Bazı mezhepsizler, (Âlimin birinin
ak söylediğine, ötekinin kara demesi hata değilse nedir?)
diyorlar. Bunun
yanıtını da Resulullah efendimiz veriyor, (O, rahmet-i ilâhîdir)
buyuruyor. Bu şekilde değişik ictihadlar da Allahü teâlânın bir rahmetidir. Bir
hadis-i şerif:
(Ümmetimin [müctehid âlimlerinin] ihtilafı
[farklı ictihadları, mezheplere ayrılması] rahmettir.) [İmam-ı
Beyhekî, İmam-ı Münâvî, İmam-ı İbni Nasr, İmam-ı Deylemî]

Büyük fıkıh
âlimi İbni Âbidin hazretleri, Redd-ül muhtar kitabında buyuruyor
ki:
(Ümmetimin ihtilafı rahmettir) hadis-i şerifi meşhurdur.
Mekasıd-ı hasene’de yazılıdır. İbni Hacib de Muhtasar’da sahih
bulunduğunu yazmaktadır. Nasrul-mukaddesi’nin Hucce kitabında ve Beyhekî’nin
Risalet-ül-eşariyye’sinde sahih hadis olarak bildirildiğini, İmam-ı
Süyûtî yazmaktadır. Hâlimî, Kadı Hüseyin ve İmam-ül-Haremeyn de sahih olarak
bildirmişlerdir. Mevahib-i ledünniyye’de de yazılıdır. (Redd-ül
muhtar)

Âlimlerin değişik ictihadları rahmet olduğu şeklinde, Eshab-ı
kiramın değişik ictihadları da rahmettir. Bir hadis-i şerif:
(Eshabım
gökteki yıldızlar gibidir. Hangisine uyarsanız hidayete erersiniz. Eshabımın
ihtilafı
[farklı ictihadları] rahmettir.) [Taberânî, Beyhekî, İbni
Asakir, Hatîb, Deylemî, Dârimî, İ. Münâvî, İbni Adiy]

Bu hadis-i
şeriflere mezhepsizlerin uydurma demelerinin önemi olmaz. Bu hadisleri nakleden
âlimleri yalancı yada câhil olarak göstermek ne kadar çirkindir. Sonrasında
gelenlerin, ilkin gelen âlimleri suçlayacaklarını Resulullah efendimiz mucize
olarak bildirmiştir. İki hadis-i şerif:
(Âhir zamanda, sonrasında gelenler,
önceki âlimleri câhillikle suçlayacak.)
[İbni Asakir]

(Sonrasında
gelenler, önceki âlimleri kötüleyecektir.)
[Tirmizî]

Birer mucize
olan bu hadis-i şerifler, âhir zamanda sapıkların, mezhepsizlerin türeyeceğini
bildirmektedir.

]]>
https://www.cennetinbahcesi.com/2019/06/01/alimin-hatasi-olur-mu/feed/ 0 5481
Âlimin de kötüsü olur https://www.cennetinbahcesi.com/2019/05/28/alimin-de-kotusu-olur/ https://www.cennetinbahcesi.com/2019/05/28/alimin-de-kotusu-olur/#respond Tue, 28 May 2019 12:24:22 +0000 Dinimiz>Dinimizde ilmin ve âlimin yeri]]> http://www.cennetinbahcesi.com/?p=5464

Sual: İmam-ı Rabbani, (Mehdi, Medine’deki bid’at ehli olan âlimi öldürecektir) diyor.
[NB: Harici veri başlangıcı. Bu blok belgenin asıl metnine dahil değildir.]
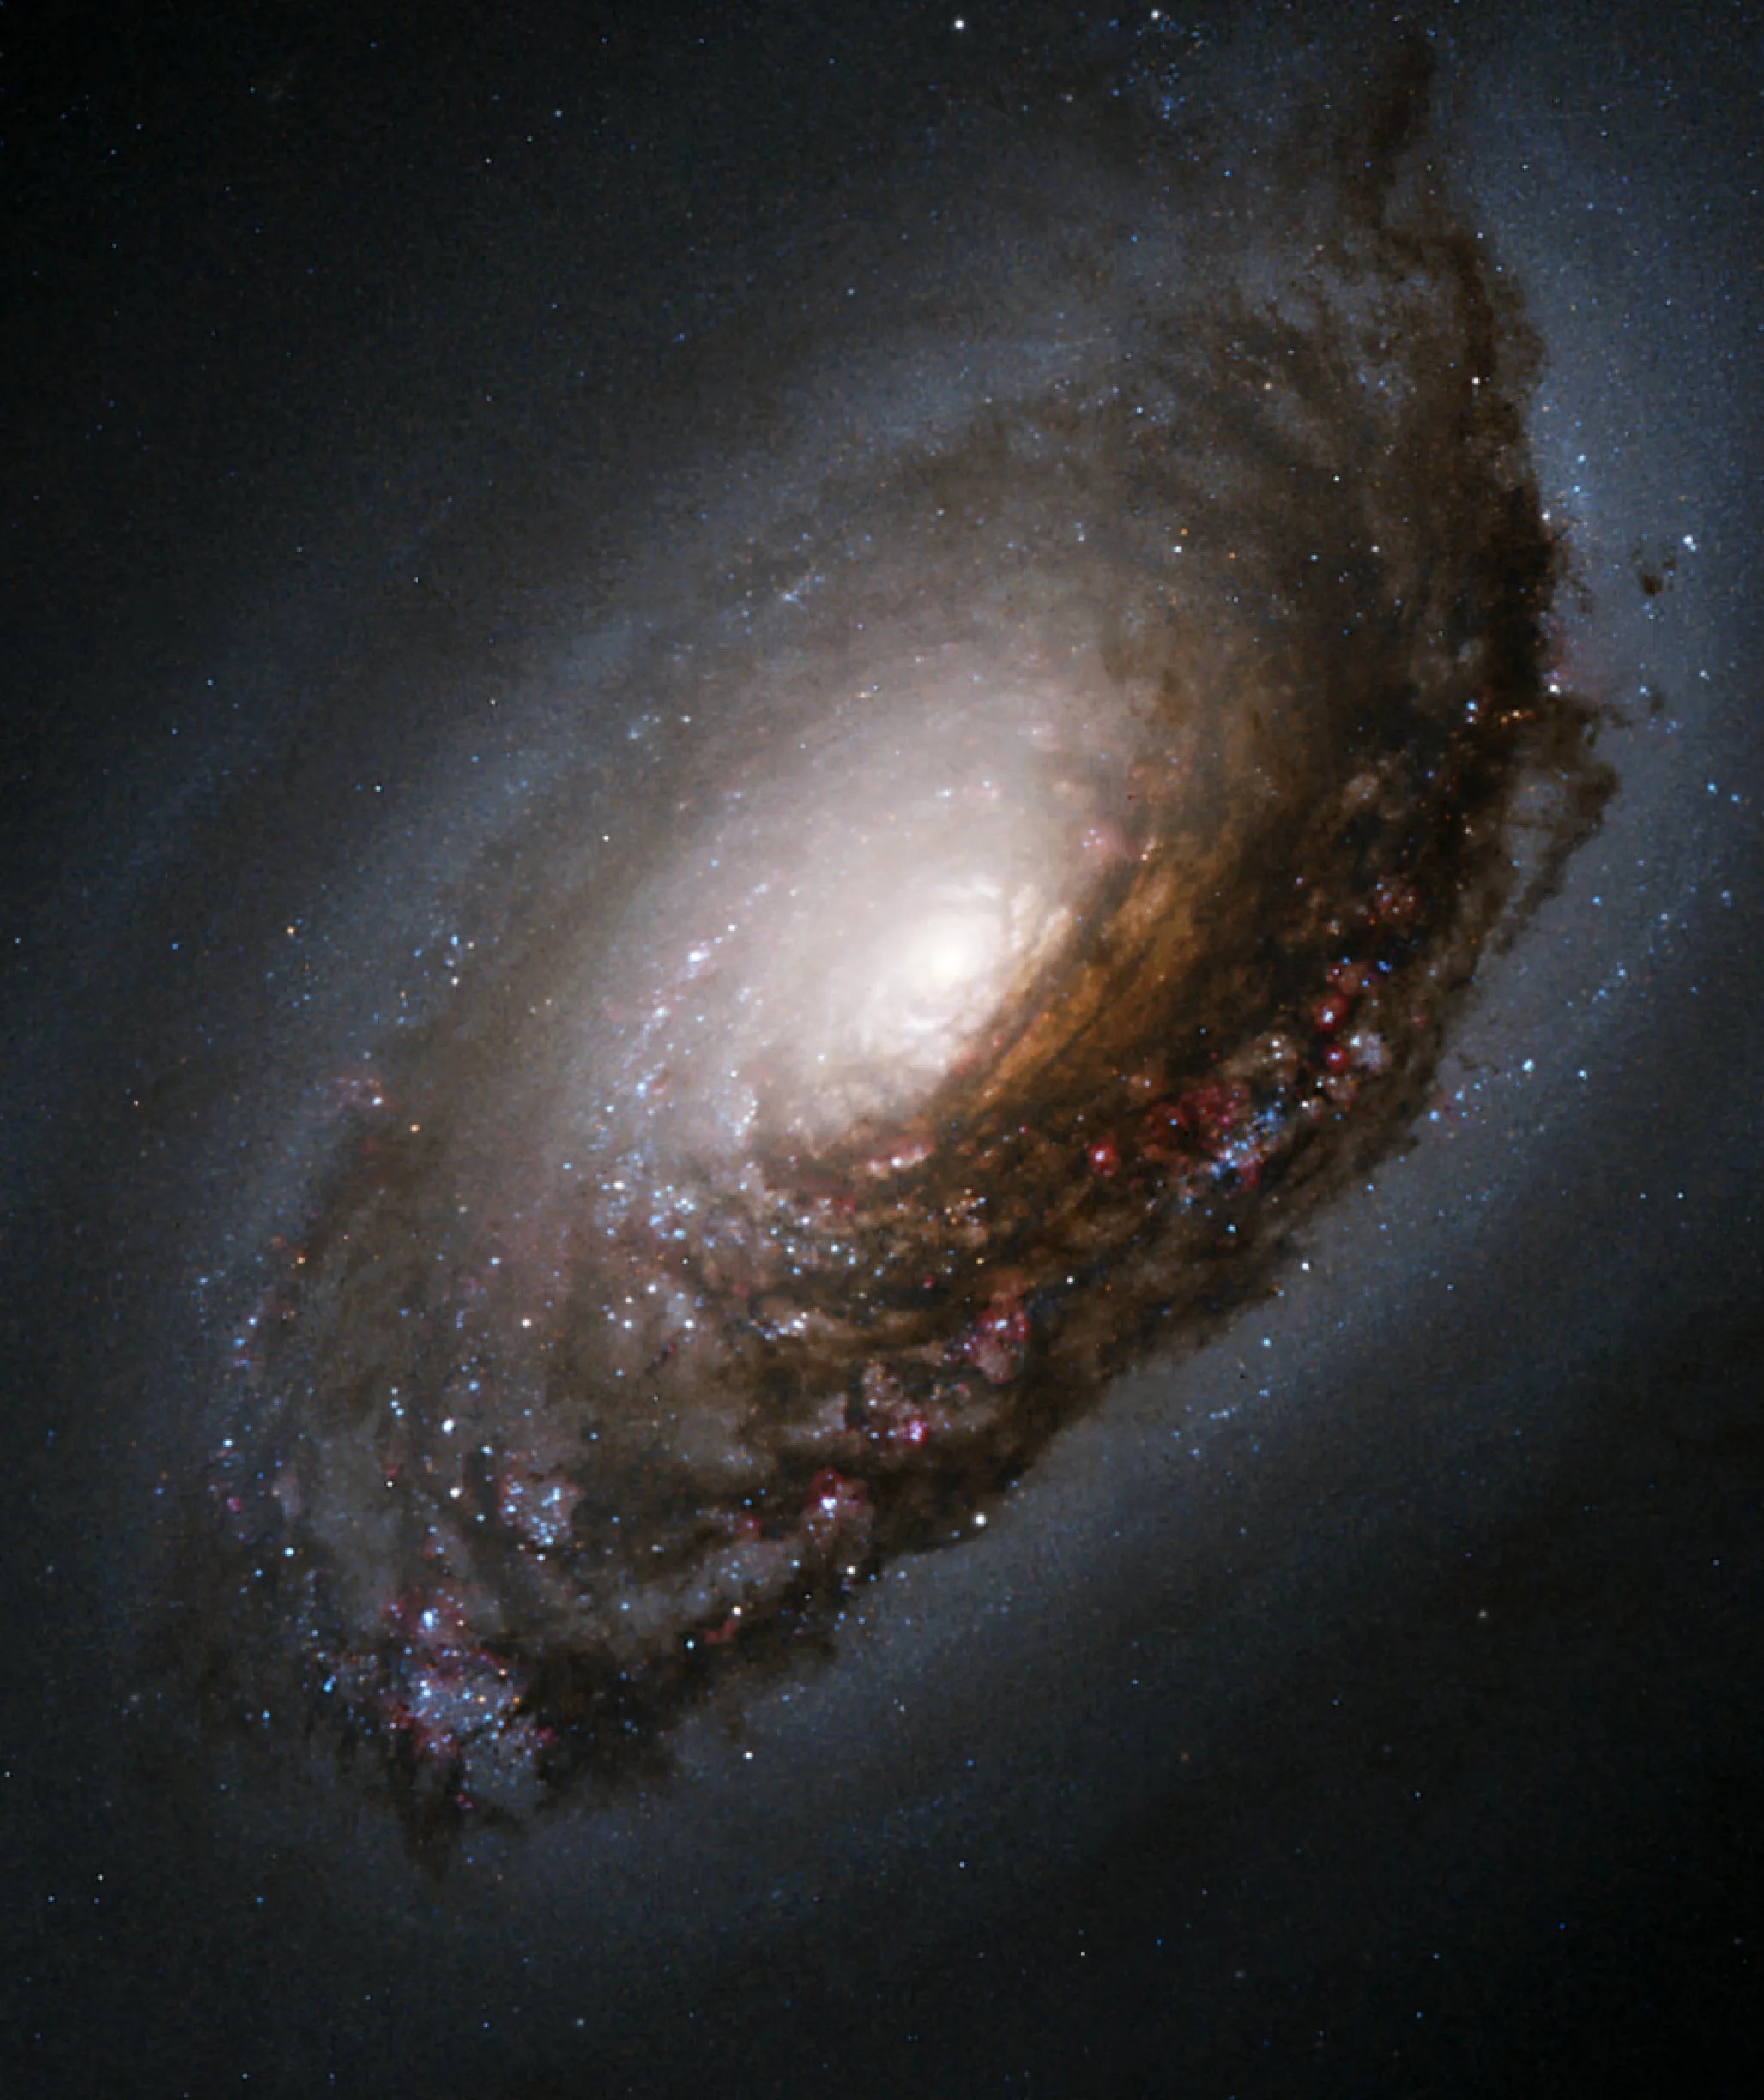 A spiral galaxy fills the image. Dark spiral arms dotted with brown dust and pinkish bursts of stars surround a bright core.

Bid’at ehli olana âlim denir mi asla? Bir de Seyyid Abdülhakim efendi diyor ki: (Zemahşerî, tefsir, fıkıh ve sözlük âlimi idi. Mutezile mezhebinde idi. Ölürken tevbe etmiş olduğu söylenmektedir. Kur’an-ı azîmüşşanın muciz bulunduğunu anlatmakta; esas, senet olan belâgat ilminin âlimlerinin en yüksek derecesinde olduğundan, Ehl-i sünnetin tefsir âlimleri, Kur’an-ı kerimin belâgatini özetleyen kısımları, onun tefsirinden almışlardır.) Mutezile olan birine âlim demek caiz midir?
CEVAP
Her âlim, Cennetlik demek değildir. Onlardan da Cehenneme giden olacaktır. Kur’anda, fena âlimler, dilini sarkıtıp soluyan köpeğe, kitap yüklü merkebe benzetilmiştir. (Cuma 5, Araf 176)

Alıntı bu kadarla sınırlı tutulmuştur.